* **About this exercise**: Begin at the line containing "Yadah Vitalizing Mask Pack" and restate it and each line after it exactly, up to and including the last line below. Leave pictures out.

* **Data excerpt**:
-=-=-=-=-

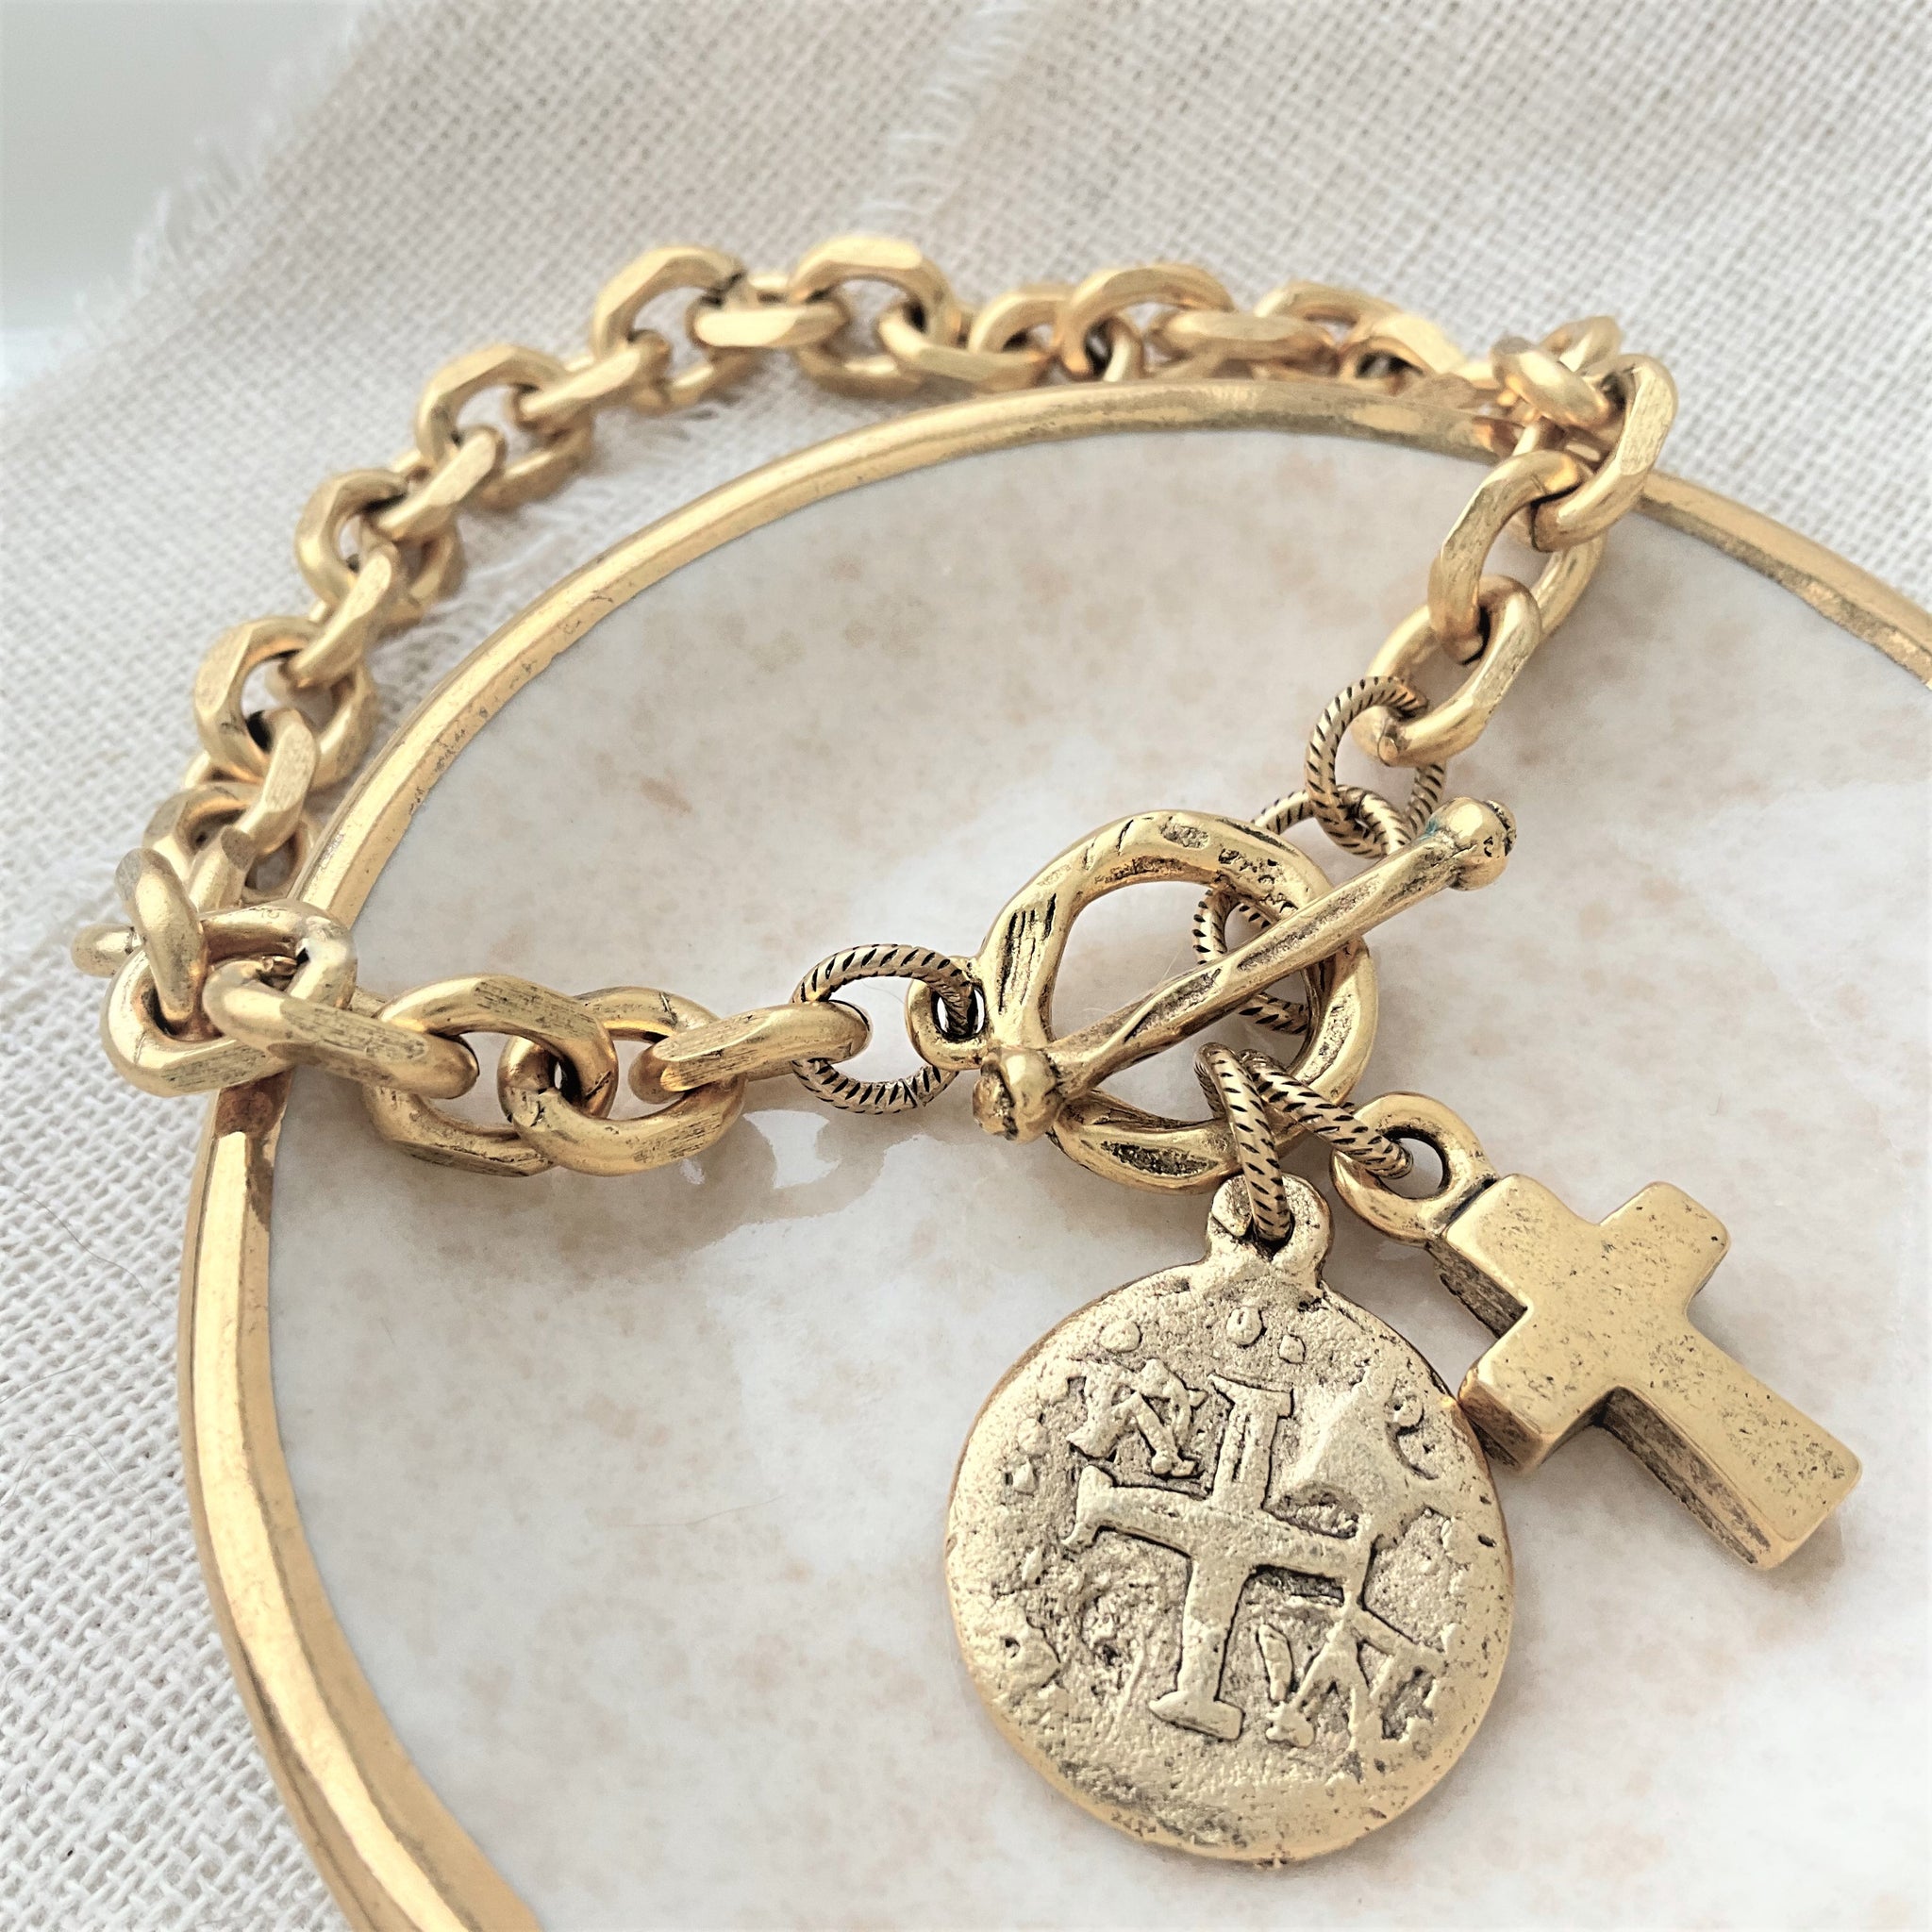 Discover 207+ gold cross bracelet
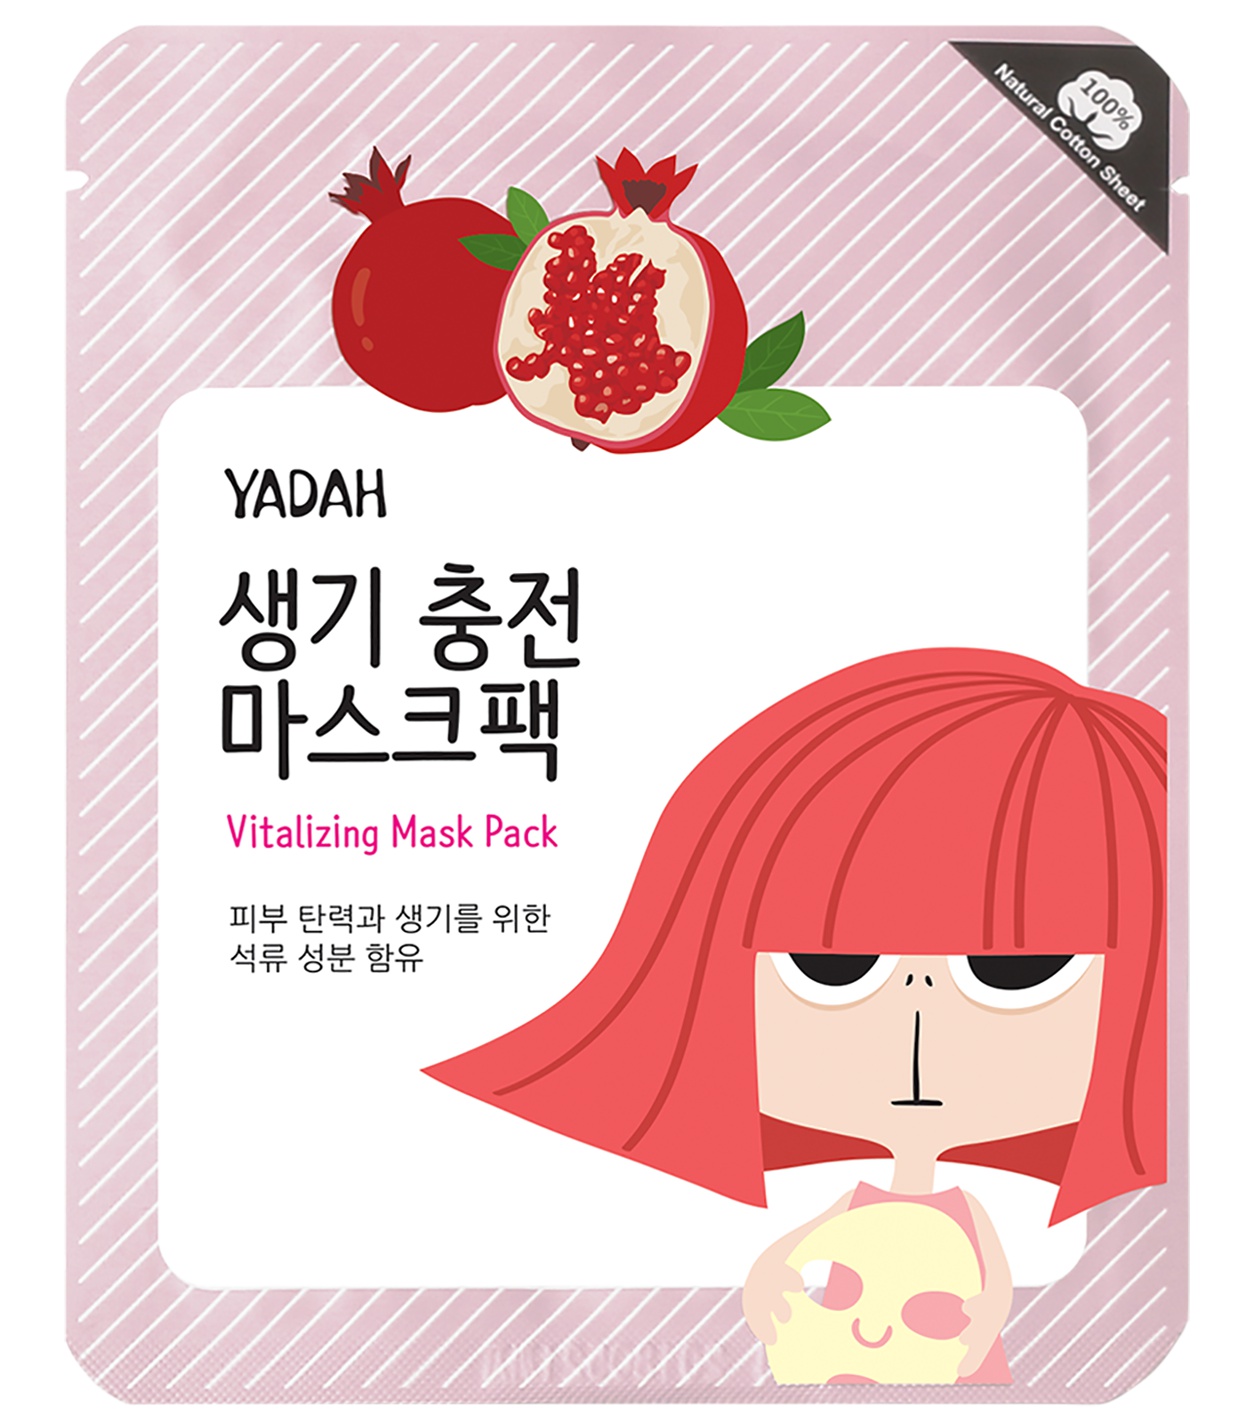 Yadah Vitalizing Mask Pack
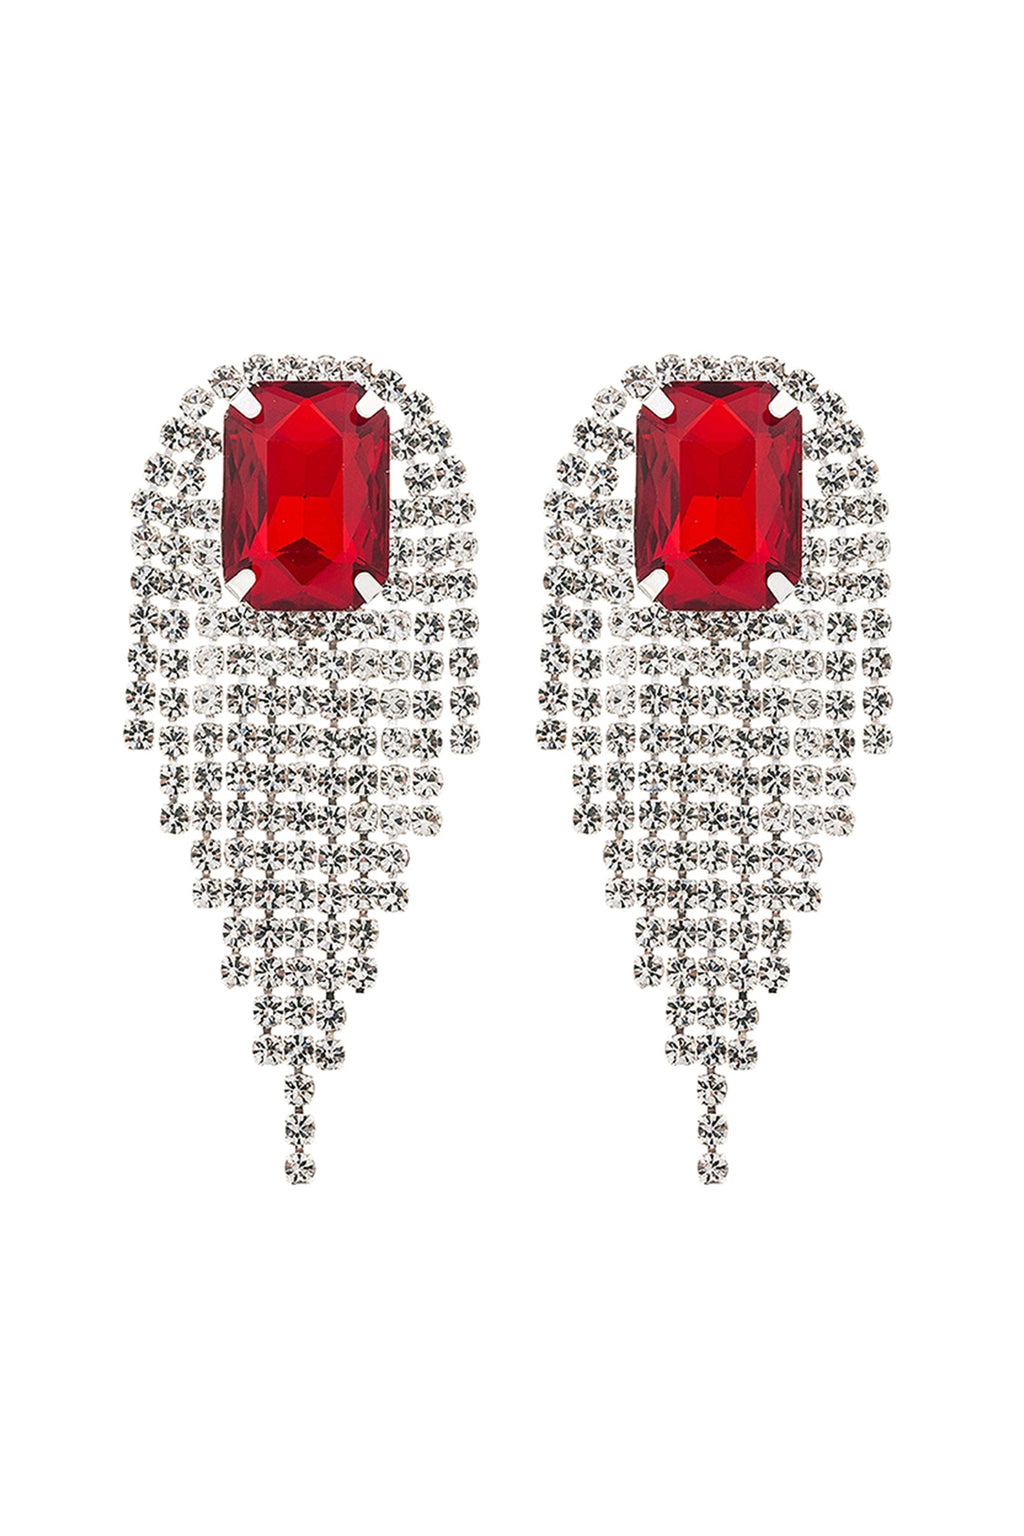 Rhinestone Square Fringe Tassel Earrings Red Silver - Pack of 6
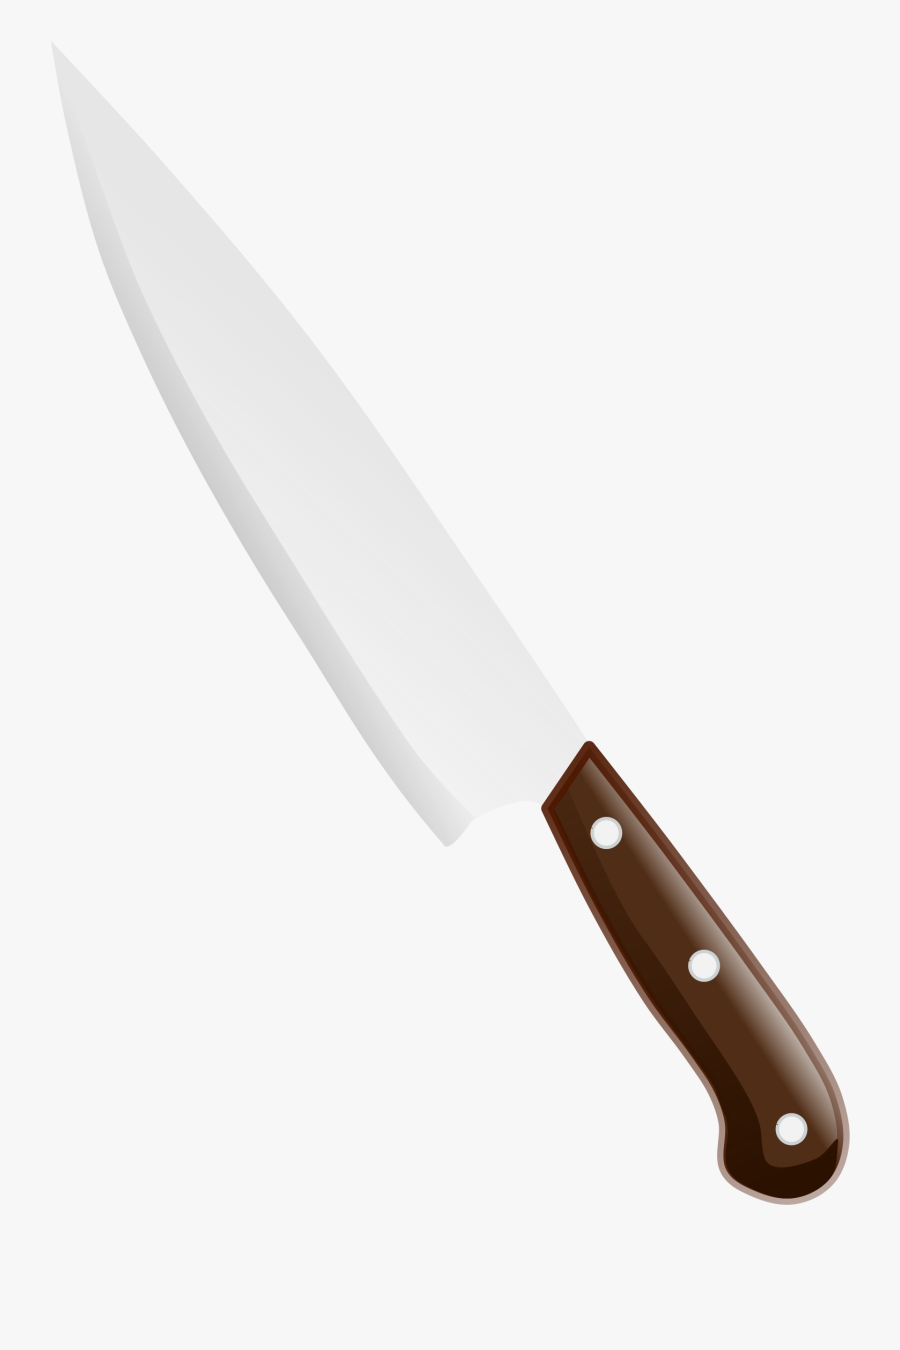 Канцелярский нож на белом фоне

-=-=-=-=-

* **Answer below**:
 Yadah Vitalizing Mask Pack
 Rhinestone Square Fringe Tassel Earrings Red Silver - Pack of 6
 Канцелярский нож на белом фоне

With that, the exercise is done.